=== Section Start ===
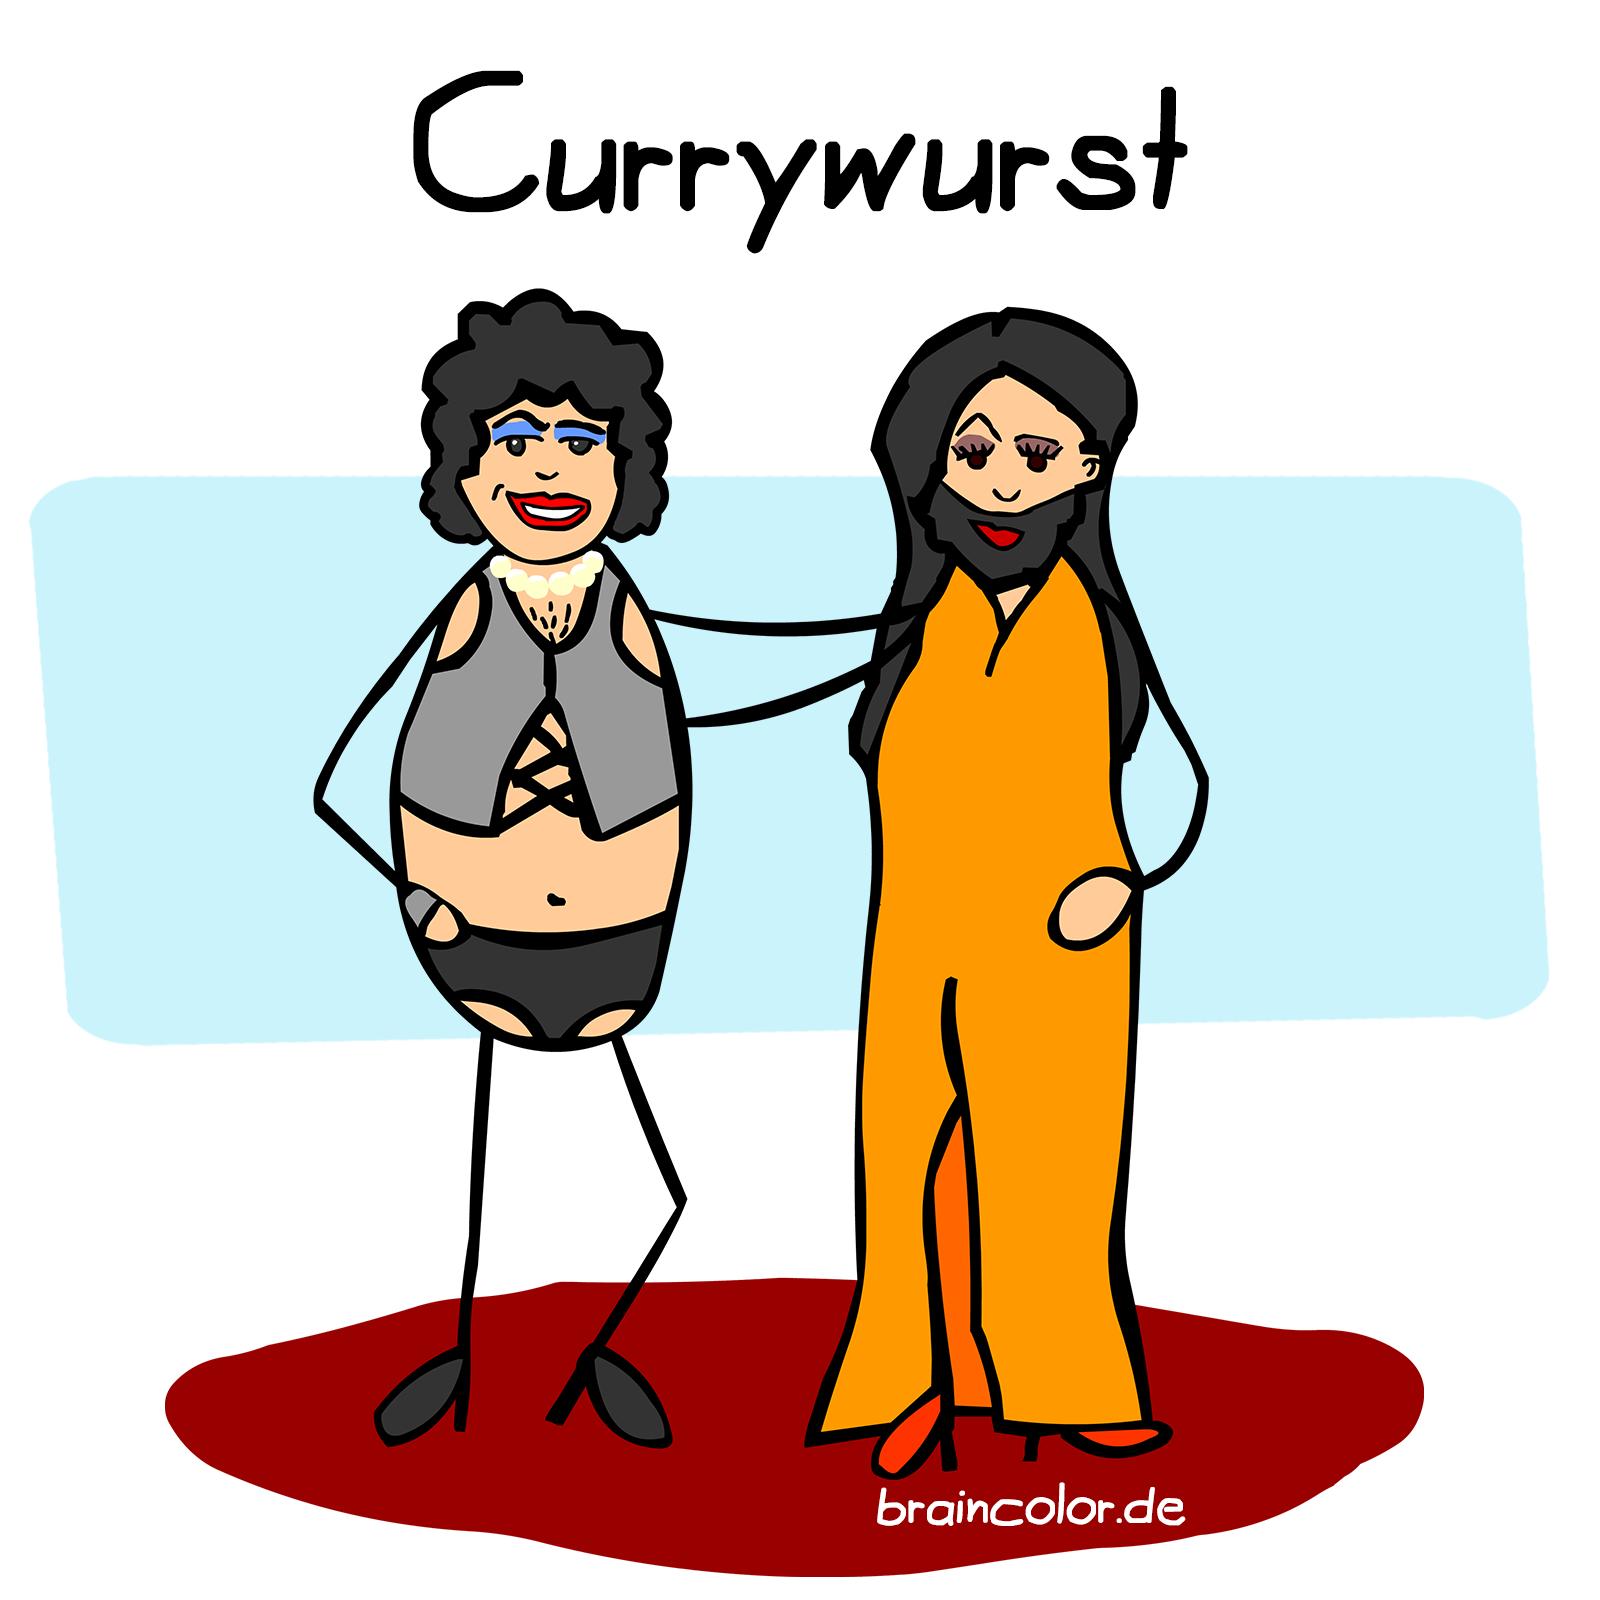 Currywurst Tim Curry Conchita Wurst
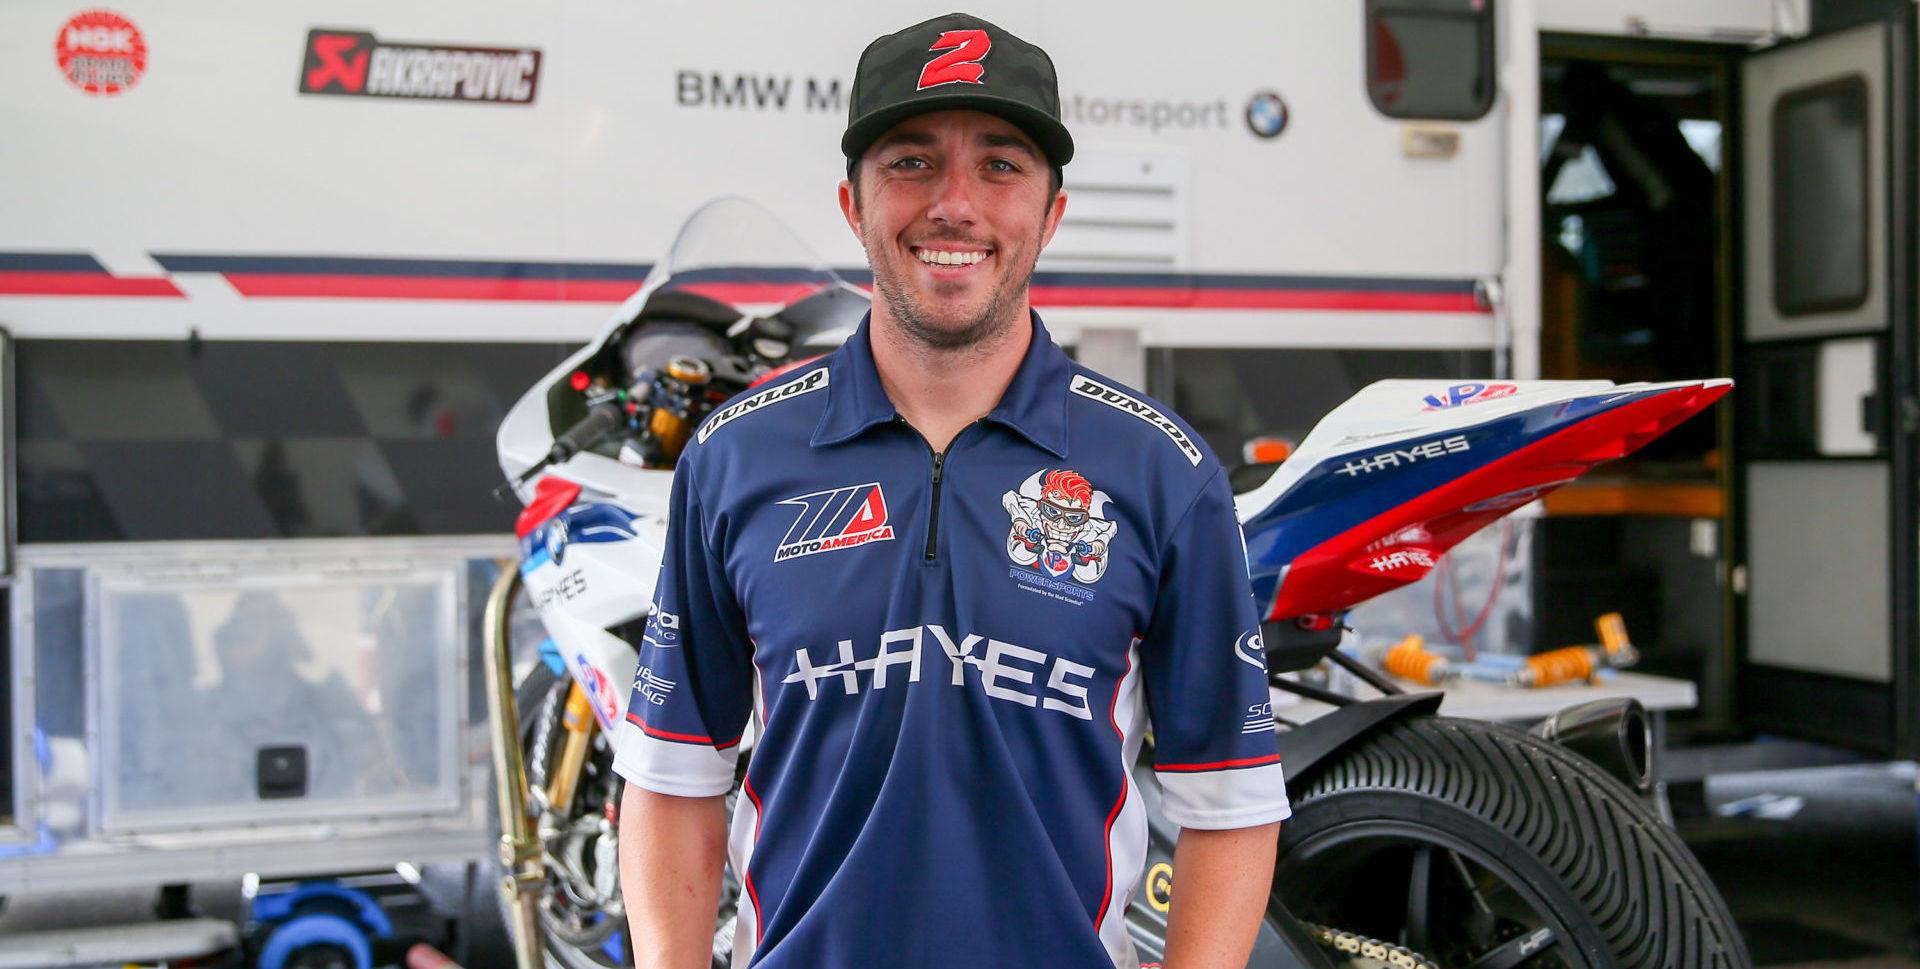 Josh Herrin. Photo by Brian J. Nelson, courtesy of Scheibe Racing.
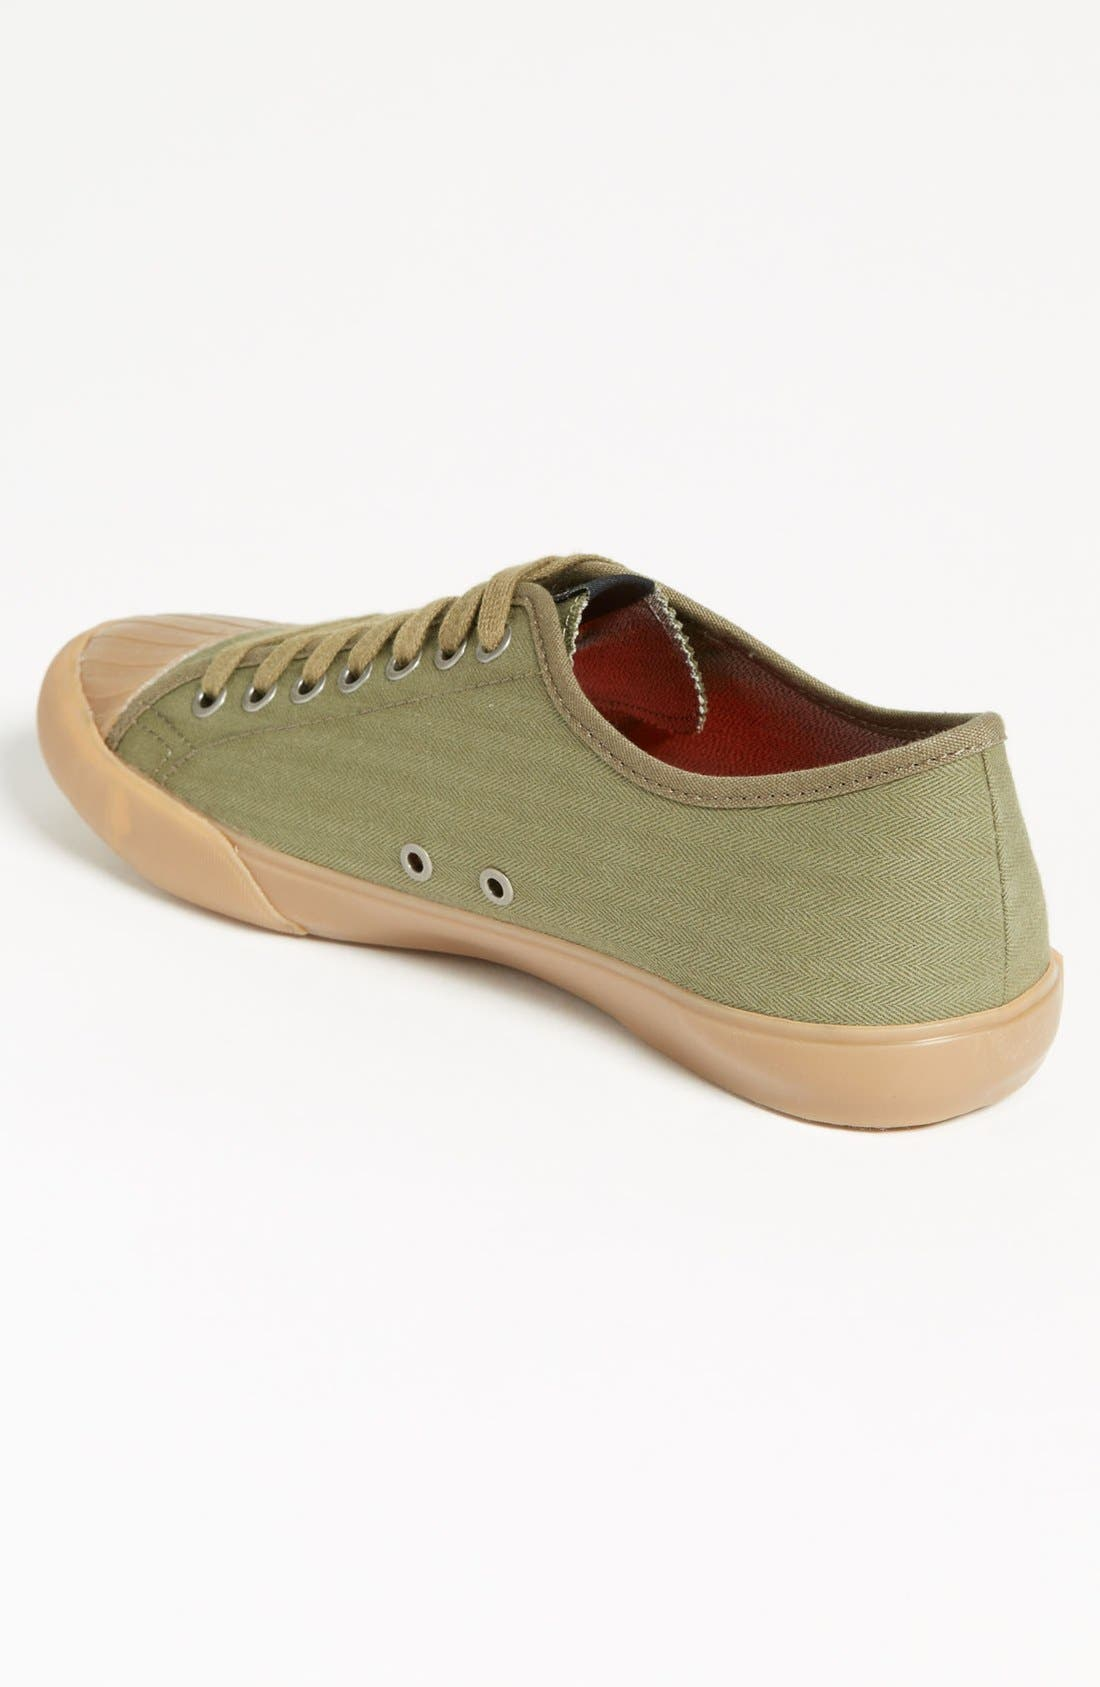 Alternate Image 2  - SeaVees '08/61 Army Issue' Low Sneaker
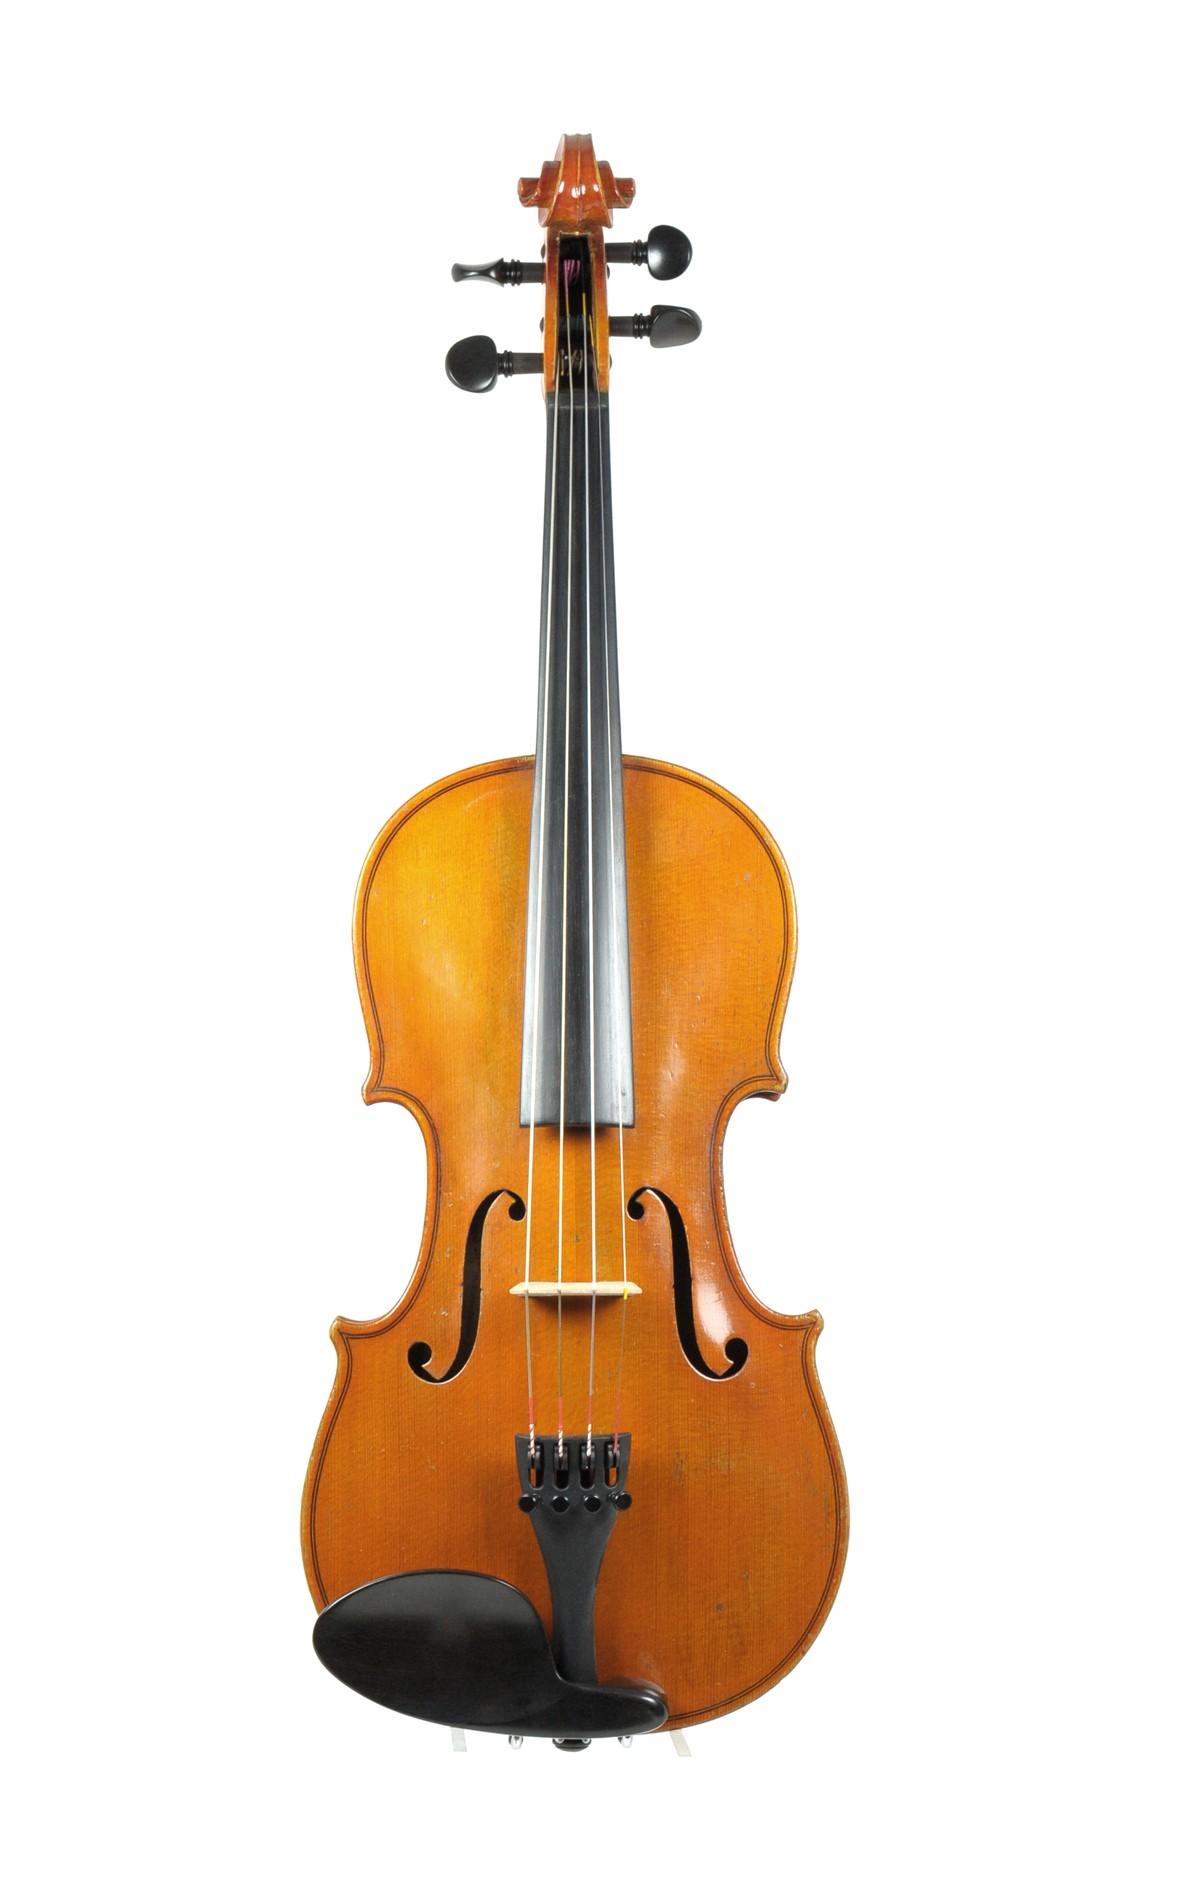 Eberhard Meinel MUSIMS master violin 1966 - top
=== Section End ===
= Activity =
Word for word, give the data above again, without any images.

= Response for this exercise =
 Currywurst Tim Curry Conchita Wurst
 Josh Herrin. Photo by Brian J. Nelson, courtesy of Scheibe Racing.
 Alternate Image 2  - SeaVees '08/61 Army Issue' Low Sneaker
 Eberhard Meinel MUSIMS master violin 1966 - top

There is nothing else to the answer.